自分でも未だに信じられないのだが食道癌に罹ってしまった。きちんとした記録をつけておきたいし、自分を客体化する時間を設けたい。そう思ってこのブログを始めことにした。これまでの時間的な経過は以下のとおりだ。

一月に日本から帰国して以来咳がとれない。たちの悪い咳ではないのだが、通訳の仕事上差し障りがある。それに時々急いで食事をすると胃に落ちにくい。さらに3月、4月と友達が次々に癌に倒れた。「50になったし、一応見てもらっとくか」ぐらいの気持ちで医者に行ったのが3月の終わりだった。咳に関してはネイザルスプレーが処方され、胃の問題には市販のH2ブロッカーを買って飲めといわれたのだが、全く治らない。胃の調子が増々悪くなったので内視鏡検査をしてもらうことにした。

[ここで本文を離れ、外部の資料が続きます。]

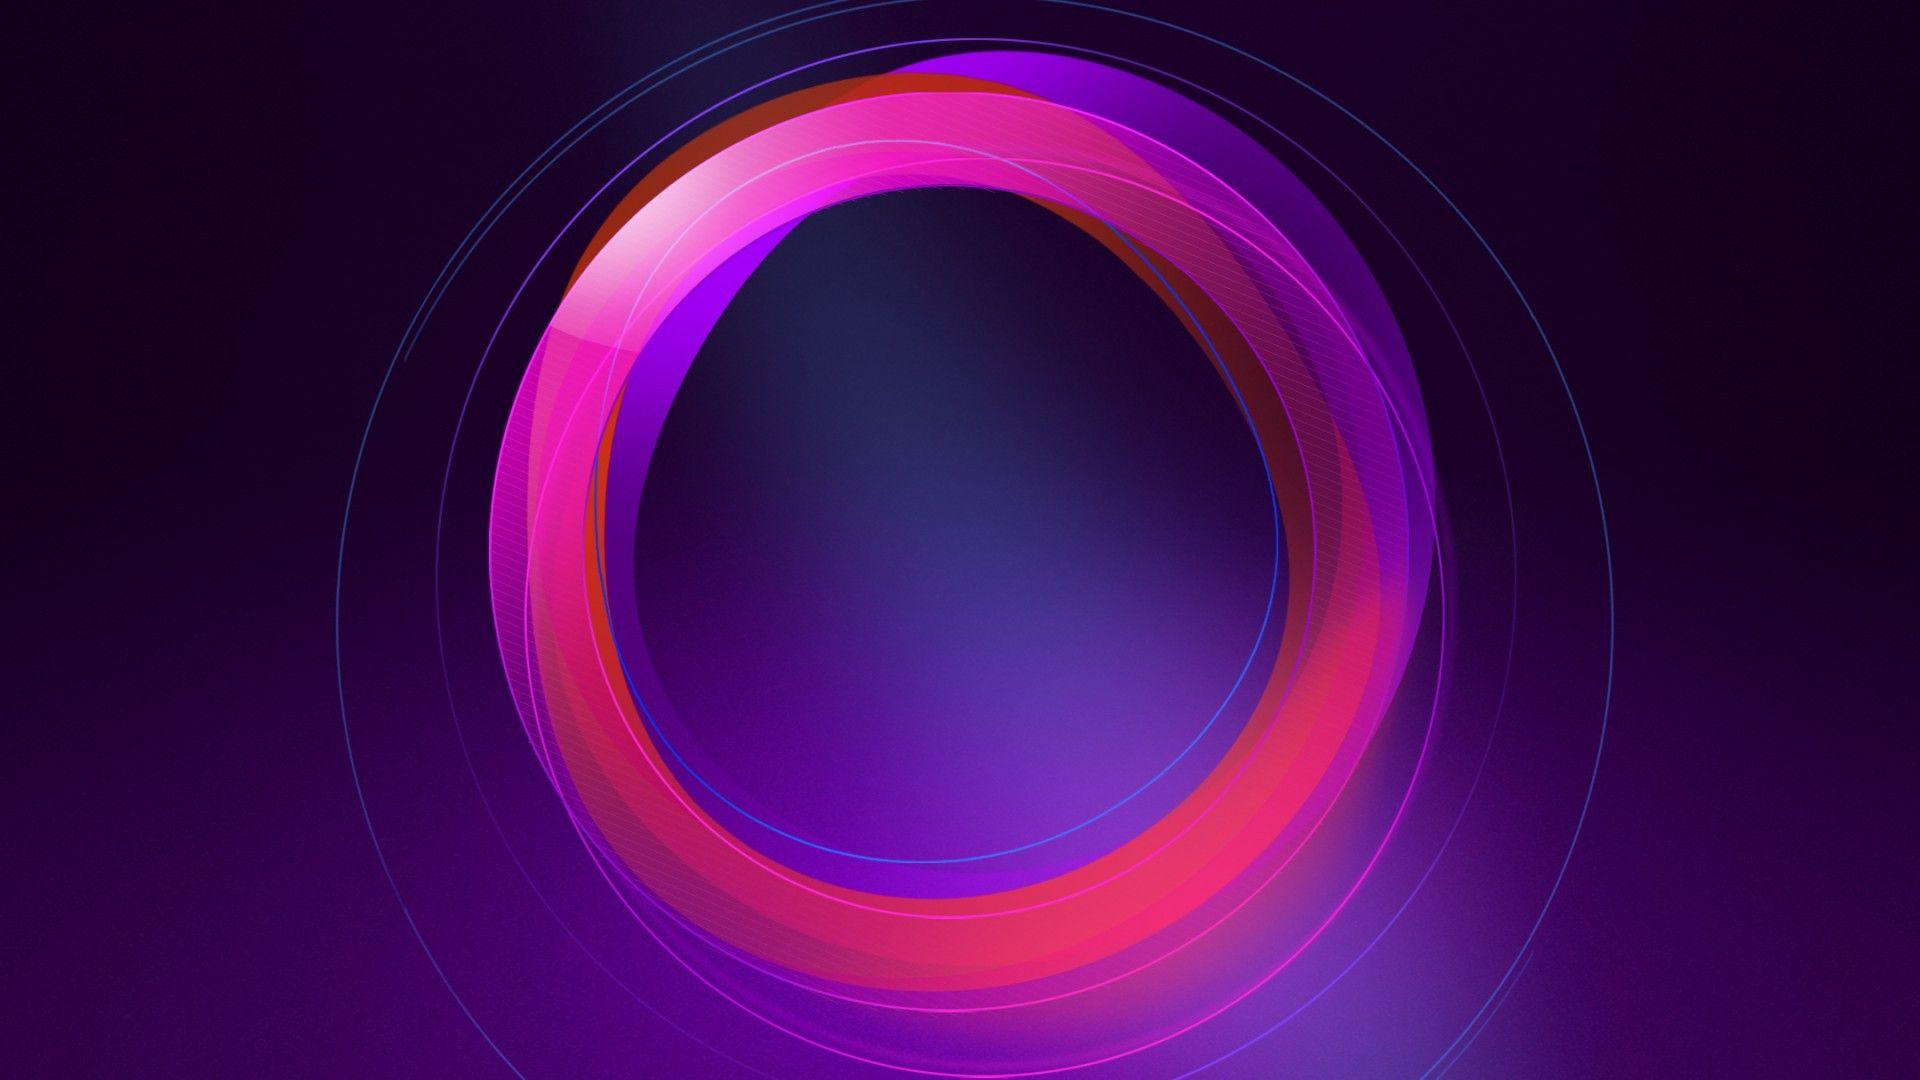 Circle hd wallpaper 1080p for pc

5月11日。「胃の入り口が小さくなるのは良くあること。広げてあげるよ」と柔和なインド人の医者Dr. Pは内視鏡検査の前に優しく微笑んだ。しかし麻酔から醒めた時の彼の顔は憂いで一杯だった。「このぐらい(指で2センチぐらいをしめす)のポリープが食道にあったから生体をとったよ」と言われた。

実は生体の結果は17日に分る筈だったが、17日は仕事。無理を言って16日に結果を出してもらった。先のドクターからの電話。「残念ながら癌。およそ5センチの扁平上皮癌ーやや分化している。これからは癌科のS先生が受け持たれます。このS先生がこれから癌の治療に必要な機能、部門をオーケストラの指揮者のようにまとめてくれます。電話番号は。。。」

その時にはS先生とは19日に会うことになっていたが、17日に中国から帰って来た夫が一日も早く会うべきだと主張し、結局18日に会って、これからのテスト、治療の仕方について話し合った。

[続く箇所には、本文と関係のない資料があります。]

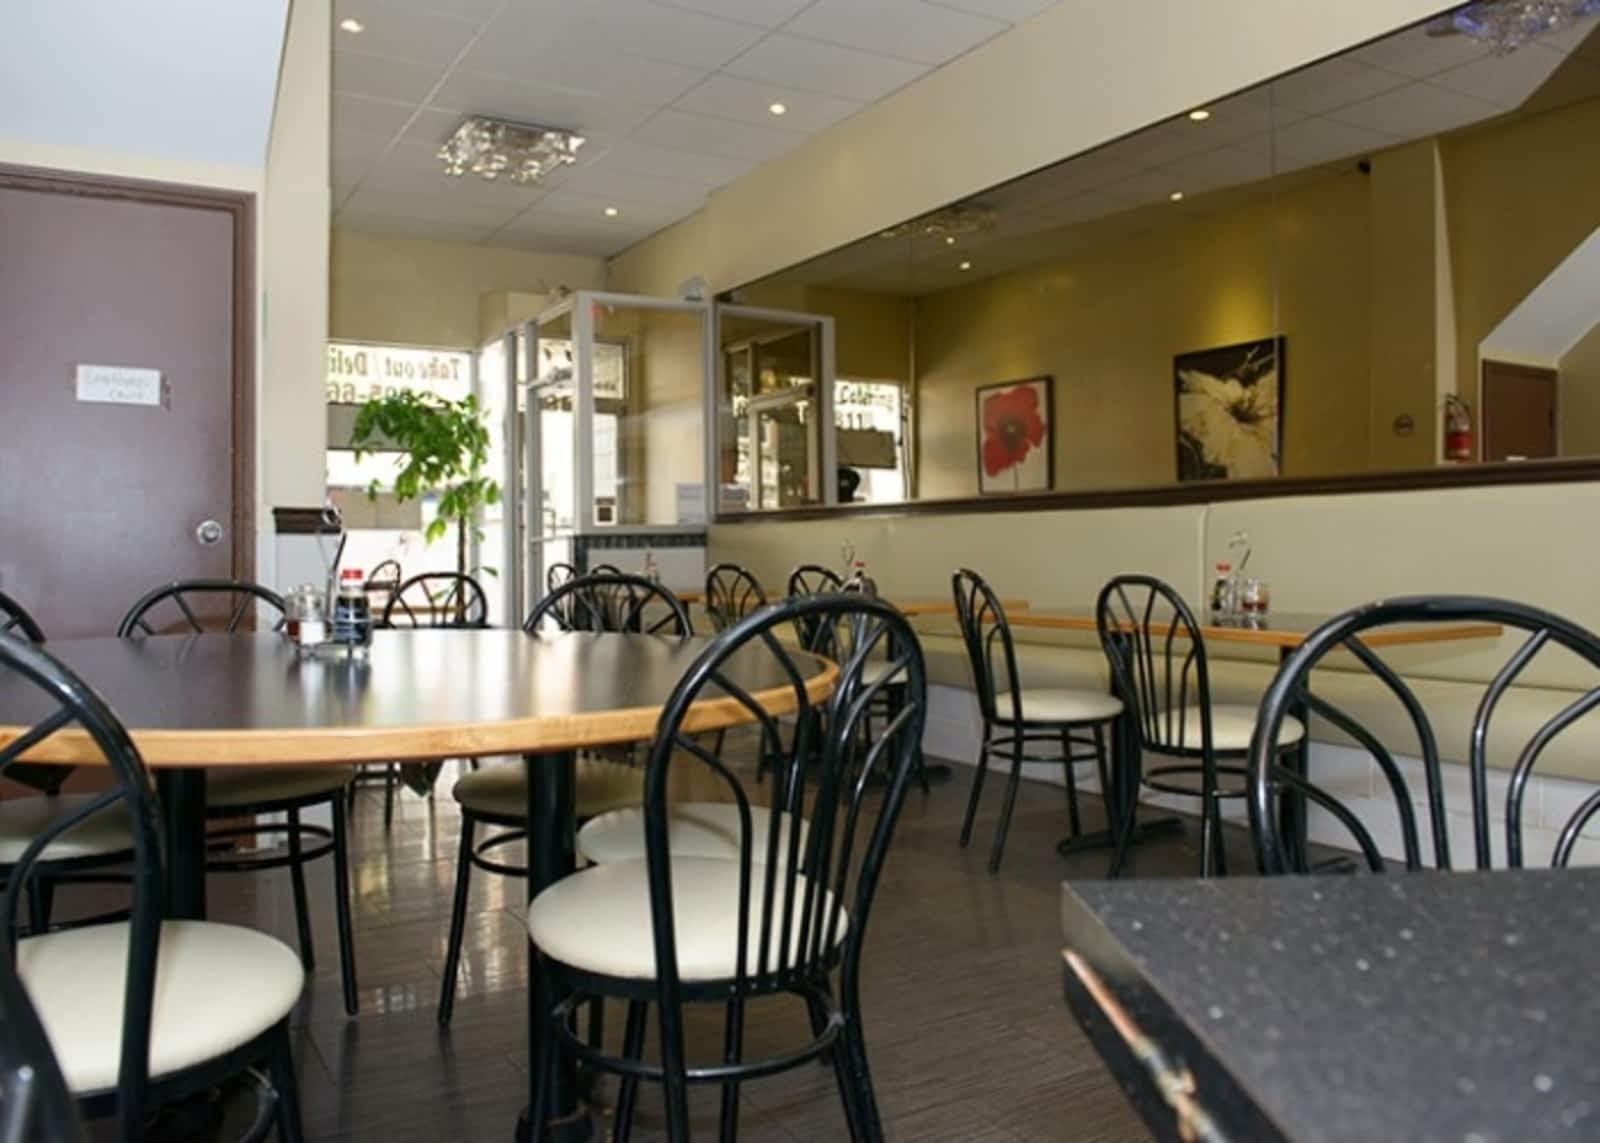 Sams kitchen ltd menu hours prices 114 brock st s whitby on

今日はこちらではまだ19日。あっという間にCTスキャン、PETスキャン、外科医とのコンサルテーションが来週にスケジュールされた。この効率の良さはとても嬉しい。できるだけ仕事を続けるつもりだったけれど、声がかすれて来たし、咳もとまらない。夜になると非常に疲れる。癌が進行しているのだろうか。やはり仕事は全面的にキャンセルしなければならないようだ。